Thinking about my 16 year old daughter currently completing her GCSEs, I don’t fear exam failure for her at all. My worry for her and her peers is about the impact of this unnecessary pressure on their mental well –being. In particular, I wonder if we might be setting up patterns of anxiety that could stay with them. I don’t want them to have to feel this kind of forced upon, negative, unnecessary, and frankly, oppressive pressure.
I am far more interested in our learners’ mental health, and their emotional and social well being to care too much about their ability to reach predicted or aspirational grades. Thinking of my daughter, I’m much more invested in her growth as a human being, able to navigate her way through life happily and healthily whilst being kind to others. I am much more concerned about her resilience, her problem solving ability, her interpersonal skills, her confidence.

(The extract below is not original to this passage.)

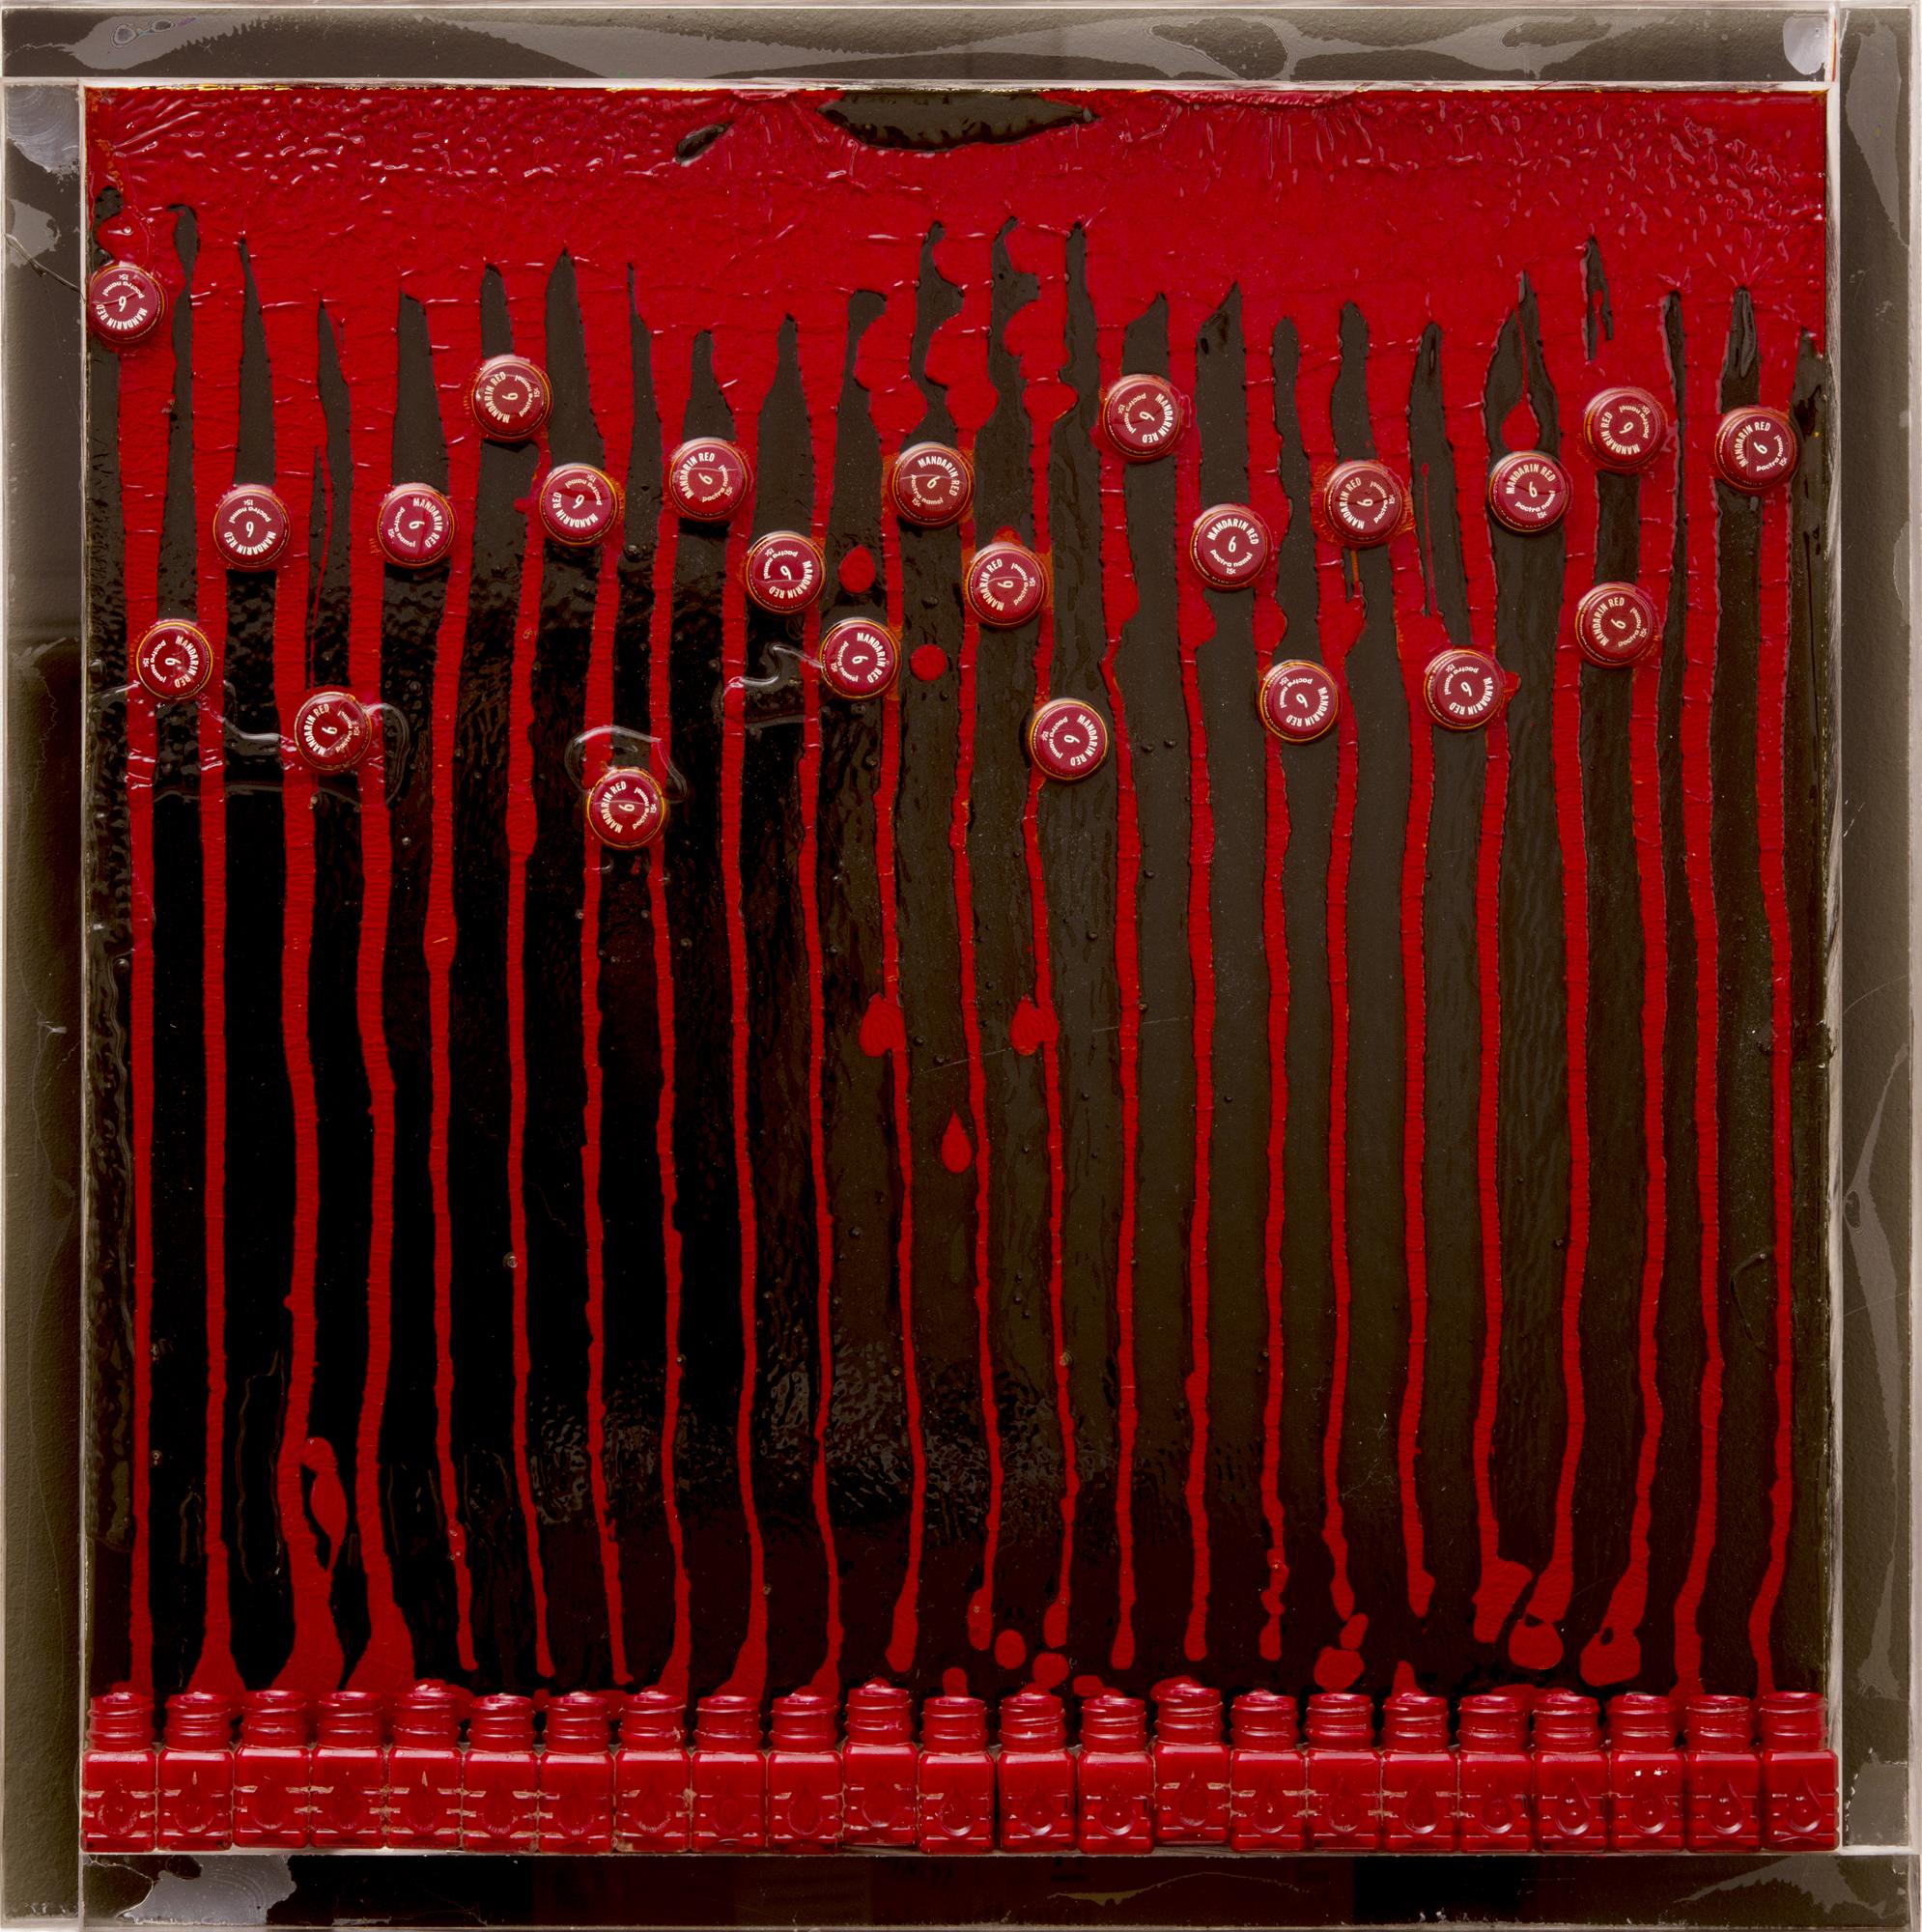 Fernandez Arman   Untitled (Mandarin Red)  1968 Accumulation of acrylic paint, paint bottlesand caps in resin on Plexiglas 61 x 61 cm

As I’ve watched so many of her dance friends leave their Saturday classes in order to focus harder on their GCSEs, I feel terribly sad. I wonder why they are either forced to or feel they should give up what they love. There’s a horrible irony here too of giving up the thing that combats and reduces the impact of negative stress solely because of the stress they are under. It’s a scary pattern that often we take into adult life, much to our detriment.
You know what I wish? I wish that education could be more honest with my daughter and her peers. I wish that educators, with less pressure to get those results, could say, ‘you know what, these exam results can be useful, but what we learn and how we do it is much more important. Let’s enjoy learning!’ Whilst at it, I wish they could let them know that these exams won’t tell them how capable they will be in the future and that they are a pretty rubbish indicator of their future success.
So, as changing the education system and it’s focus on exam success is a bigger job (but one that needs tackling for sure), could we perhaps just be honest with our learners? Could we help them see a world of possibilities, and understand they don’t need to always conform? Could we let them know there are much more important aspects of themselves to develop than being able to remember a load of facts that, lets face it, they may never need to use again? Could we help them focus on enjoying learning? Could we let go of fear of collective ‘success rates’ and have faith in individual learners finding their way? Could we help build them up so they have faith in themselves and their futures? Could we be that brave?